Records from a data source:

= = =

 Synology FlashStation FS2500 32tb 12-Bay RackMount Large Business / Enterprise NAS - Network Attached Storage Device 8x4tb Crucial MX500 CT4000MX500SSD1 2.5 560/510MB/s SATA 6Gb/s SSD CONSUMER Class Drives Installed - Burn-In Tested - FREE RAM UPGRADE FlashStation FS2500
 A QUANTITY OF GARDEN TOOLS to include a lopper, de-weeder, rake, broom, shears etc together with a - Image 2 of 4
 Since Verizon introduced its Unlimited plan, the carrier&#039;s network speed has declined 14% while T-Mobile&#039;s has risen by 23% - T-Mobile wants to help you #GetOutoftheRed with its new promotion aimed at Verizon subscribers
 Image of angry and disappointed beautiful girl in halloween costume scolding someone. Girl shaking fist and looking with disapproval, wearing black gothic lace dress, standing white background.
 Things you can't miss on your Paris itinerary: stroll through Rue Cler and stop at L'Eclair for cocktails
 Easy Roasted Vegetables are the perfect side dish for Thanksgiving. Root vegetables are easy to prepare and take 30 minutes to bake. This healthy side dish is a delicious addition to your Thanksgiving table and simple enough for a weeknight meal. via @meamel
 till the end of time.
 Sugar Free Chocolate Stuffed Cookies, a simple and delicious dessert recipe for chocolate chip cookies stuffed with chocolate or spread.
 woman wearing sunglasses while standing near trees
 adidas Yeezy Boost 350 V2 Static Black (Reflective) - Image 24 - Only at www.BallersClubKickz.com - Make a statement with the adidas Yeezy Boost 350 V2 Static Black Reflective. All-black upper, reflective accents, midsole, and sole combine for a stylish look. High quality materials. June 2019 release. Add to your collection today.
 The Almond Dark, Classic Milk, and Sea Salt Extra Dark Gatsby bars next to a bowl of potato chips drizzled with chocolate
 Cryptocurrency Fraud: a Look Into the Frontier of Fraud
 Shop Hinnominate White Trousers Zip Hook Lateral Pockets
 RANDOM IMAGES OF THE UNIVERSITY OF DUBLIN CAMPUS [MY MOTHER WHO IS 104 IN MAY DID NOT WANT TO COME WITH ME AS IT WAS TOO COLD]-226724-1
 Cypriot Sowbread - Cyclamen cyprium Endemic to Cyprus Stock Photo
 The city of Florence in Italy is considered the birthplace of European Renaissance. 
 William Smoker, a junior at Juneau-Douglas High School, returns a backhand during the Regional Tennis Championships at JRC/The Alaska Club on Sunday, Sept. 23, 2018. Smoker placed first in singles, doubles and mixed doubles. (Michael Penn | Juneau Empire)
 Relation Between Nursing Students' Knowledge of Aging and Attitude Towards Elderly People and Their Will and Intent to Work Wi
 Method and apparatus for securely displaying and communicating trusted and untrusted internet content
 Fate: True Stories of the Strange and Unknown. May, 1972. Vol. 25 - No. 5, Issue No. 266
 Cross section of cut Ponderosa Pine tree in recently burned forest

= = =

TO DO:
An exact repeat of the lines from the one containing "Method and apparatus" through the final line of the entries is the whole answer.

RESPONSE:
 Method and apparatus for securely displaying and communicating trusted and untrusted internet content
 Fate: True Stories of the Strange and Unknown. May, 1972. Vol. 25 - No. 5, Issue No. 266
 Cross section of cut Ponderosa Pine tree in recently burned forest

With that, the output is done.